What This Reveals About Agent Tool Design
The standard approach to giving an agent new capabilities is to add a tool that exposes an API endpoint. The agent calls the endpoint, gets a result, continues. HuggingFace’s skill design is more opinionated than that.
A skill bundles the decision logic alongside the API surface. The hf-llm-trainer skill doesn’t just expose a “submit training job” endpoint; it encodes when to use SFT versus DPO versus GRPO, what hardware to request for a given model size, when to apply LoRA, how to validate dataset schemas before submission, and how to interpret monitoring metrics. The agent isn’t making those decisions from first principles on each run; it’s executing against packaged expertise.
This is a meaningful design choice. Language models are capable of reasoning about training methods from their general knowledge, but they’ll make inconsistent choices without domain-specific grounding. The skill provides that grounding without requiring any fine-tuning of the base model. It’s operational knowledge delivered as context, not capability delivered as weights.
The tradeoff is that the skill author now bears the responsibility of encoding correct decision logic. If the GPU selection heuristics are wrong, or the DPO loss type defaults are suboptimal for a particular use case, every user of the skill inherits those decisions. The centralized packaging cuts both ways.
Practical Limits
Requiring a HuggingFace Pro or Team account for the Jobs API is a real gate. Free tier users can’t run jobs through the skill, which limits its reach among hobbyists and students who are often the most interested in experimenting with fine-tuning. The Pro tier costs $9/month, which is reasonable for anyone doing this regularly, but it adds friction for casual experimentation.
Multi-GPU training isn’t surfaced through the current skill interface. For anything above 7B parameters, you’re either accepting LoRA constraints or stepping outside the skill’s workflow entirely. This will presumably improve as the Jobs API adds multi-GPU support, but for now the skill targets small-to-mid models.
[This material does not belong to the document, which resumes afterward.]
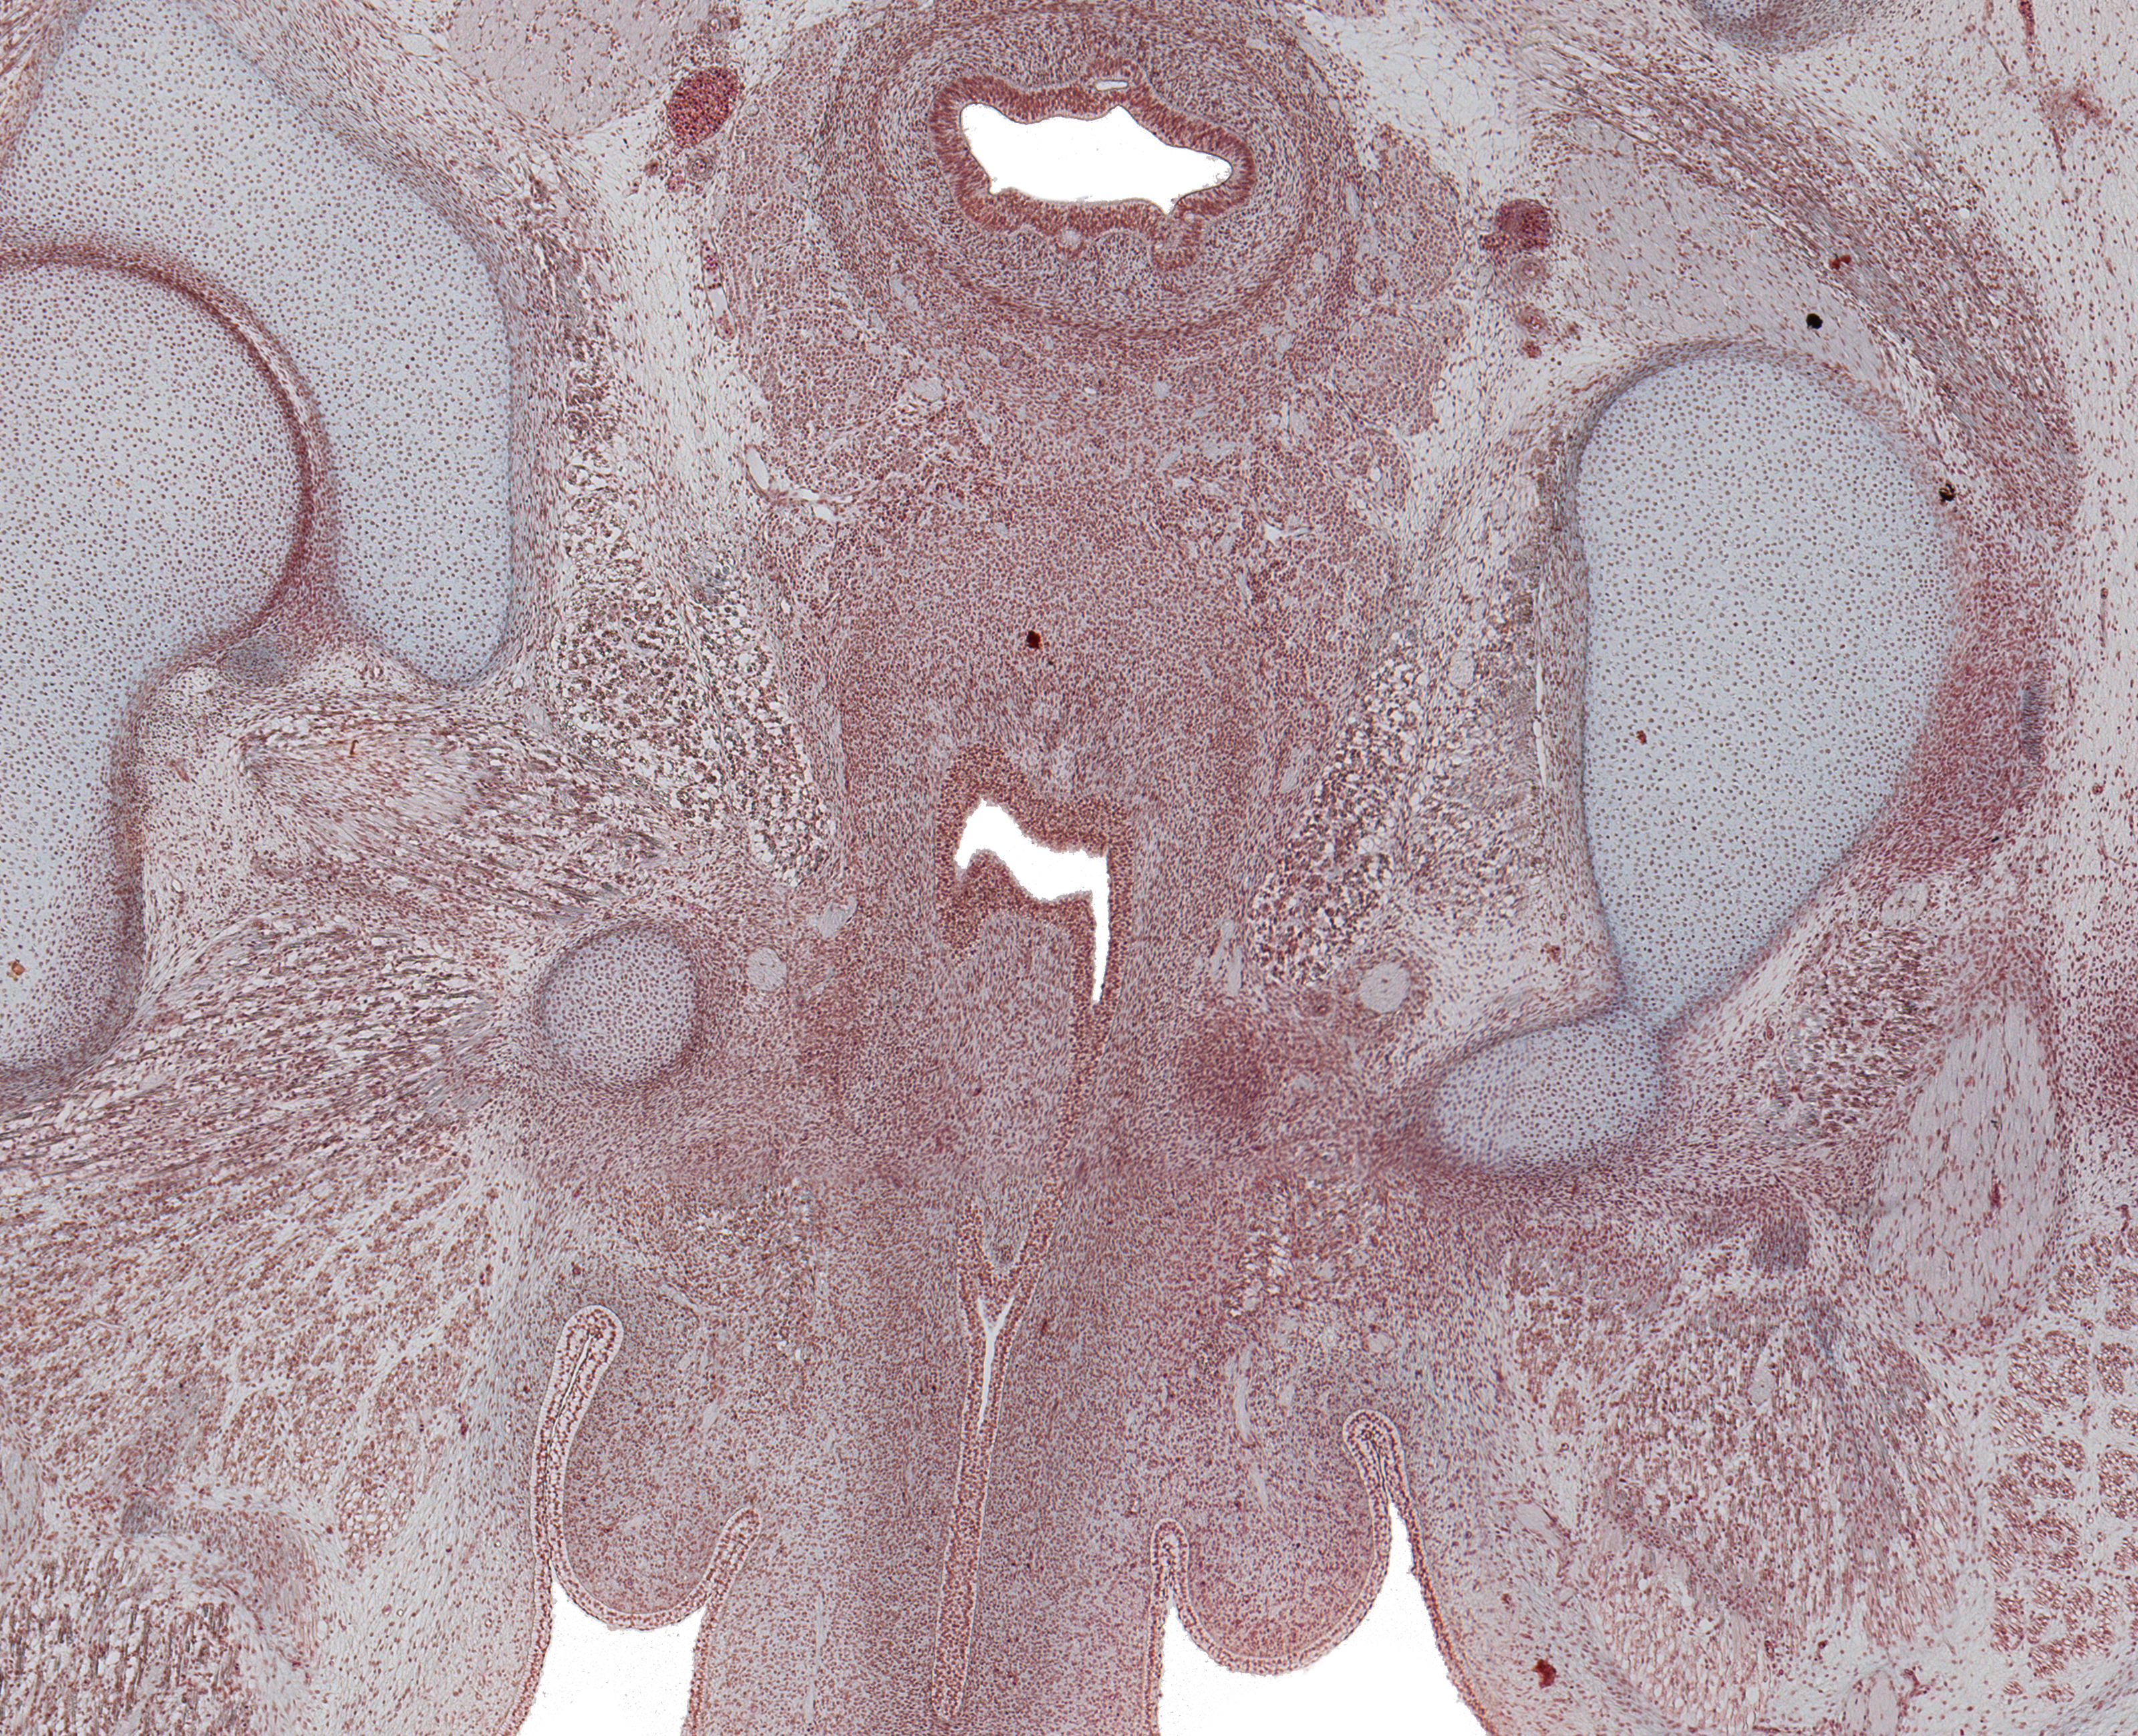 Corpus Spongoisus, Urethra in Penis, Rectum, and Fused Paramesenephric Ducts

The monitoring integration via Trackio is worth noting. Real-time loss curves and validation metrics available during training, through the same interface where you submitted the job, close a loop that usually requires separate tooling. You don’t have to context-switch to TensorBoard or Weights and Biases mid-session.
The Broader Pattern
Looking back at this from early 2026, the HuggingFace Skills experiment sits in a clear lineage. The MCP ecosystem has expanded substantially since December, and the pattern of packaging domain expertise as agent-ready skill bundles rather than fine-tuned models is one of the more useful design patterns to emerge from that expansion. The alternative, fine-tuning Claude itself to understand HuggingFace’s training infrastructure, would have been slower to iterate on, harder to update as APIs change, and inaccessible to users of other agent frameworks.
The fact that the same skill can run on Claude Code, OpenAI Codex, and Gemini CLI is a direct consequence of building on the MCP standard rather than a proprietary plugin system. A skill authored once works across agents. That’s the kind of leverage that makes the investment in careful packaging worth it.
For anyone working with TRL directly, the TRL documentation covers the full trainer taxonomy including GRPOTrainer with vLLM acceleration, online DPO, and the various reward modeling trainers. The skill abstracts most of this, but understanding what’s underneath makes it easier to know when to step outside the abstraction.